本開示では、多数の用語が用いられる。以下の定義が提供される:
用語「バイオマス」は、任意のセルロース系またはリグノセルロース系材料を示し、セルロースを含んでなる、かつ場合によりヘミセルロース、リグニン、澱粉、多糖、オリゴ糖および/または単糖をさらに含んでなる材料を含む。バイオマスは、タンパク質および/または脂質などの追加成分を含んでなる場合もある。本発明によると、バイオマスは単一のソースから誘導されうるか、またはバイオマスは2つ以上のソースから誘導される混合物を含んでなる可能性がある。すなわち、例えばバイオマスであれば、トウモロコシ穂軸とコーンストーバーの混合物、または草と葉の混合物を含んでなる可能性がある。

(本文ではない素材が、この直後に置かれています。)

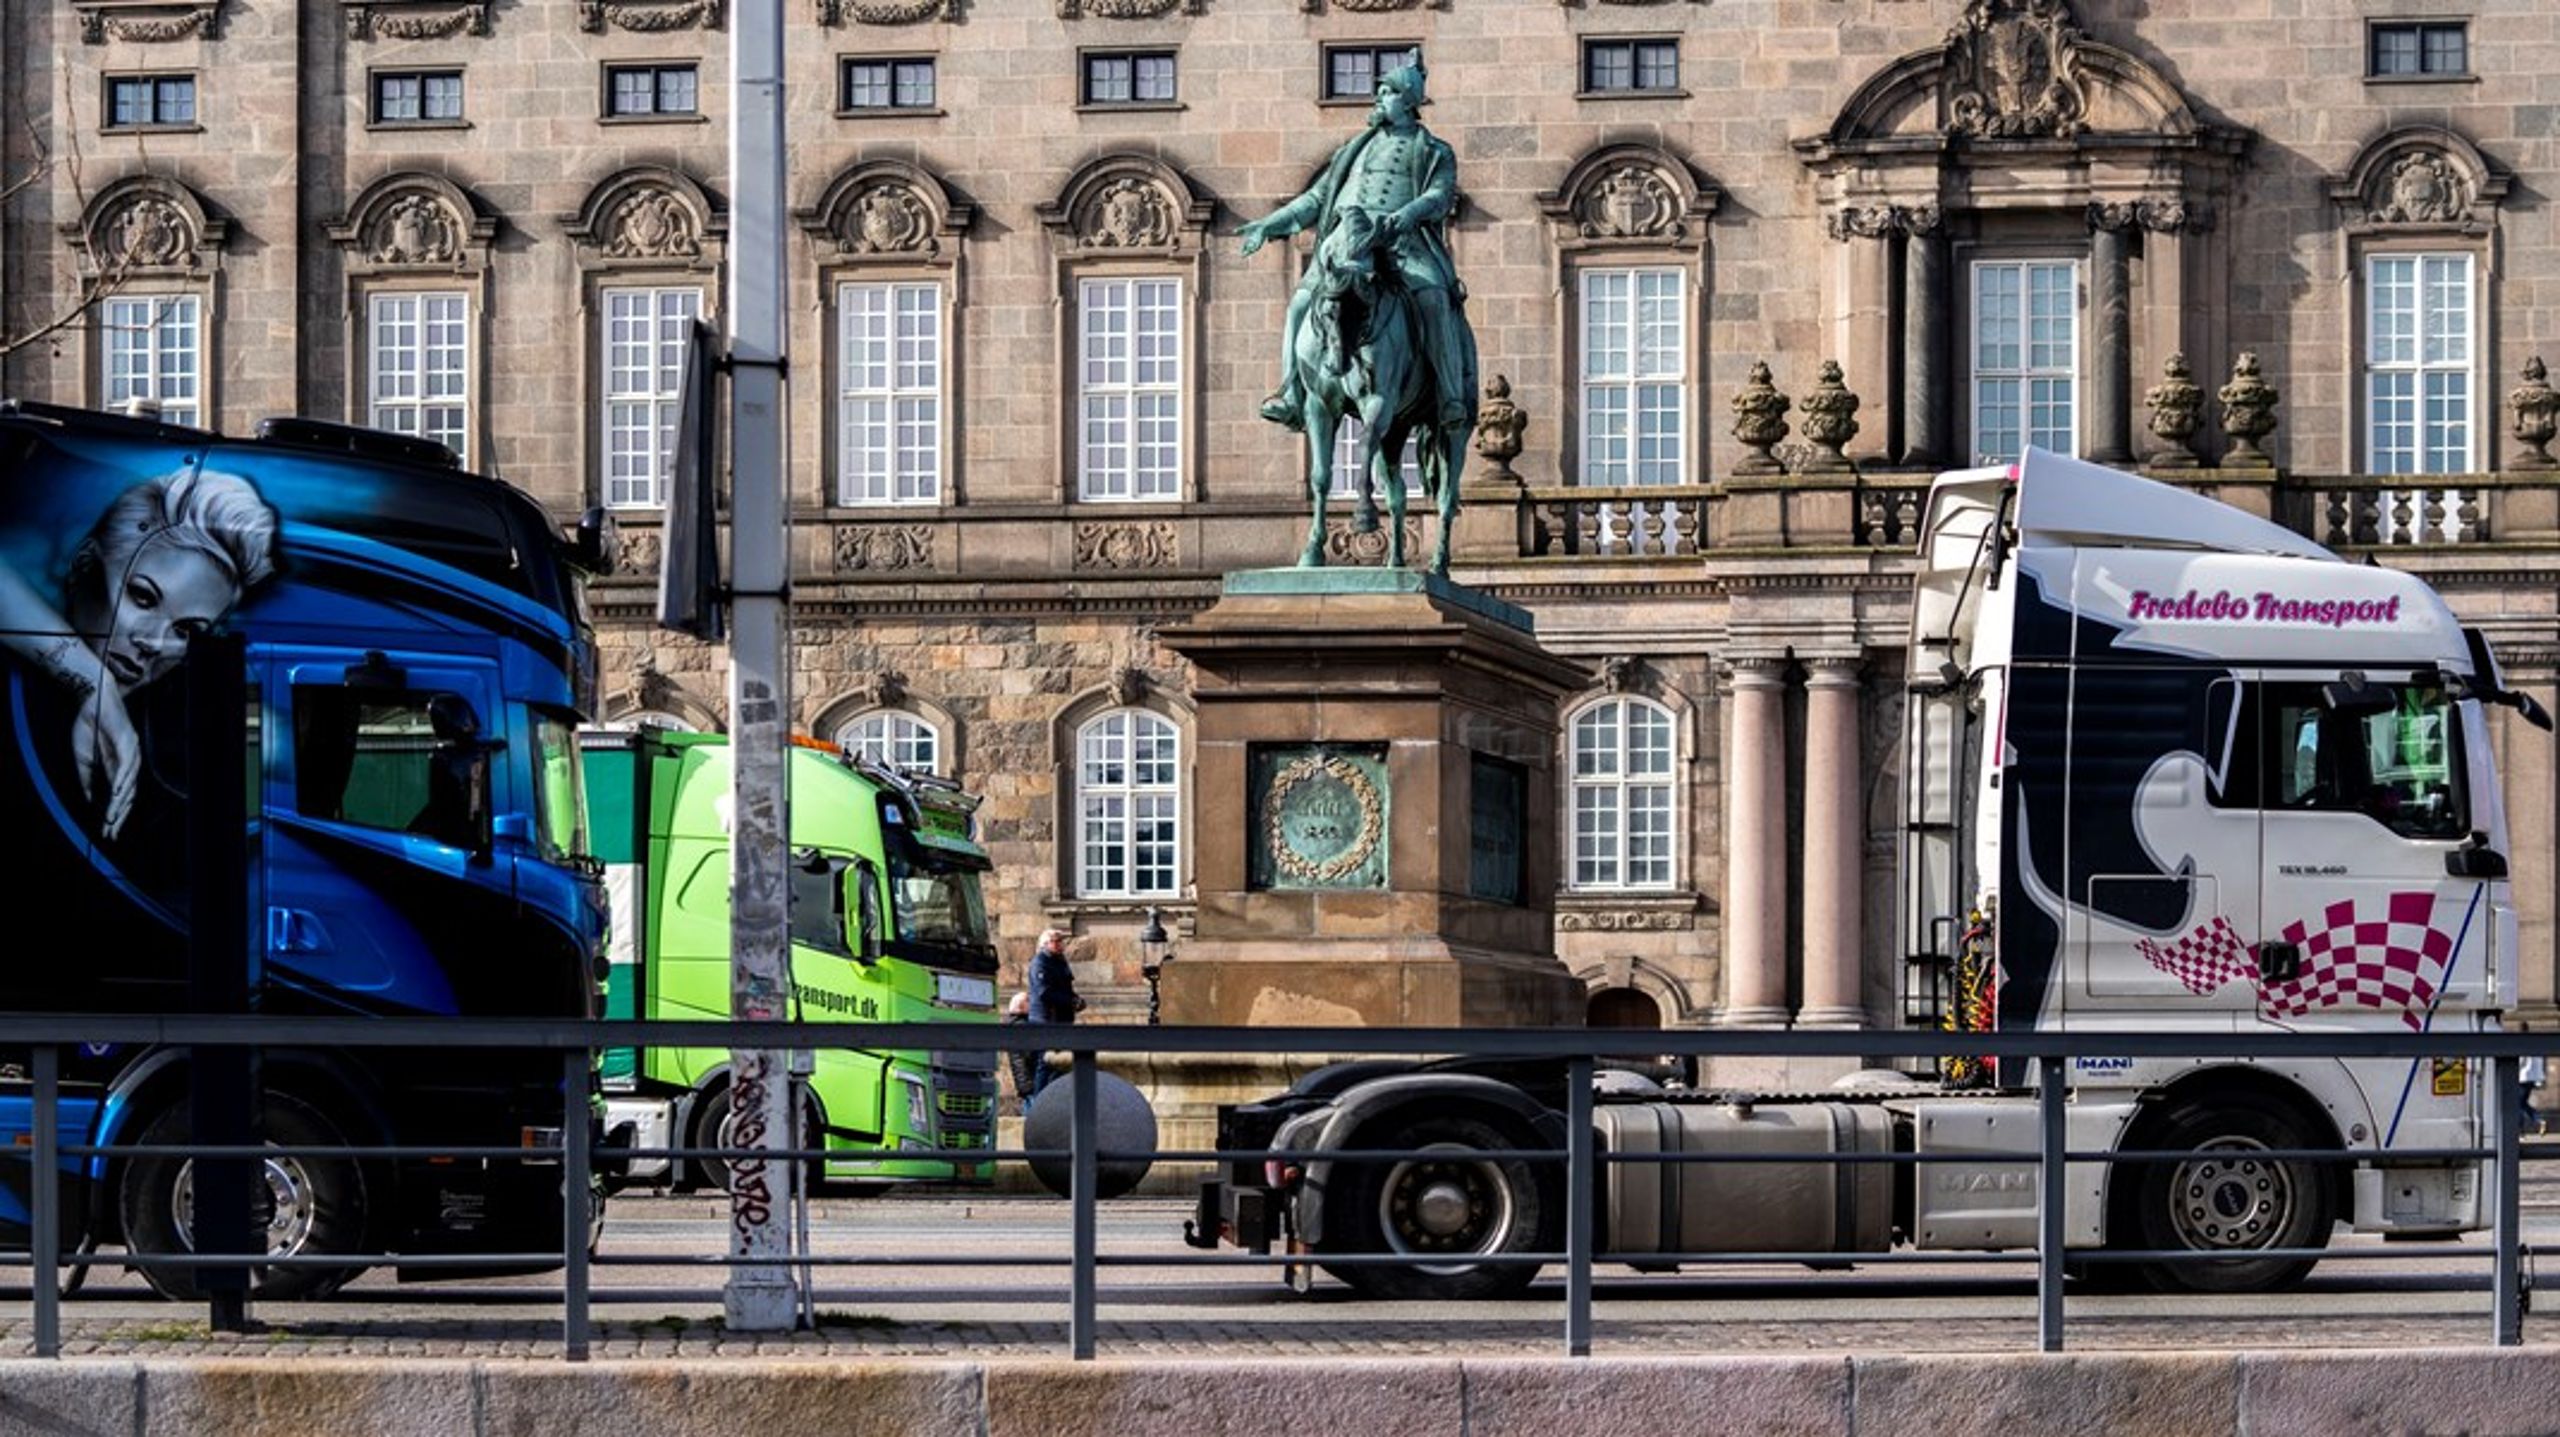 I påskeugen så vi helt forventelige protester fra lastbilchauffører og vognmænd ved Christiansborg.
Transportbranchen har brug for langsigtede rammevilkår, før udviklingen for alvor kan tage fart, skriver&nbsp;Christian Halleløv.

バイオマスは、バイオエネルギー作物、農業残渣、都市固体廃棄物、産業固体廃棄物、製紙汚泥、工場廃棄物、木材および林業廃棄物を含むがこれらに限定されない。バイオマスの例として、トウモロコシ粒、トウモロコシ穂軸、トウモロコシの皮などの作物残渣、コーンストーバー、草、小麦、麦かん(wheat straw)、大麦、大麦わら、乾草、稲わら、スイッチグラス、紙くず、サトウキビバガス、モロコシ、大豆、穀物のミリングから得られる成分、木、枝、根、葉、ウッドチップ、おがくず、低木およびブッシュ、野菜、果物、花ならびに動物の糞尿が挙げられるがこれらに限定されない。一実施形態では、本発明にとって有用なバイオマスは、比較的高い炭水化物値を有し、比較的密度が高く、かつ/または回収、運搬、保存および/または処理を行うのが比較的容易であるバイオマスを含む。本発明の一実施形態では、有用なバイオマスは、トウモロコシ穂軸、コーンストーバーおよびサトウキビバガスを含む。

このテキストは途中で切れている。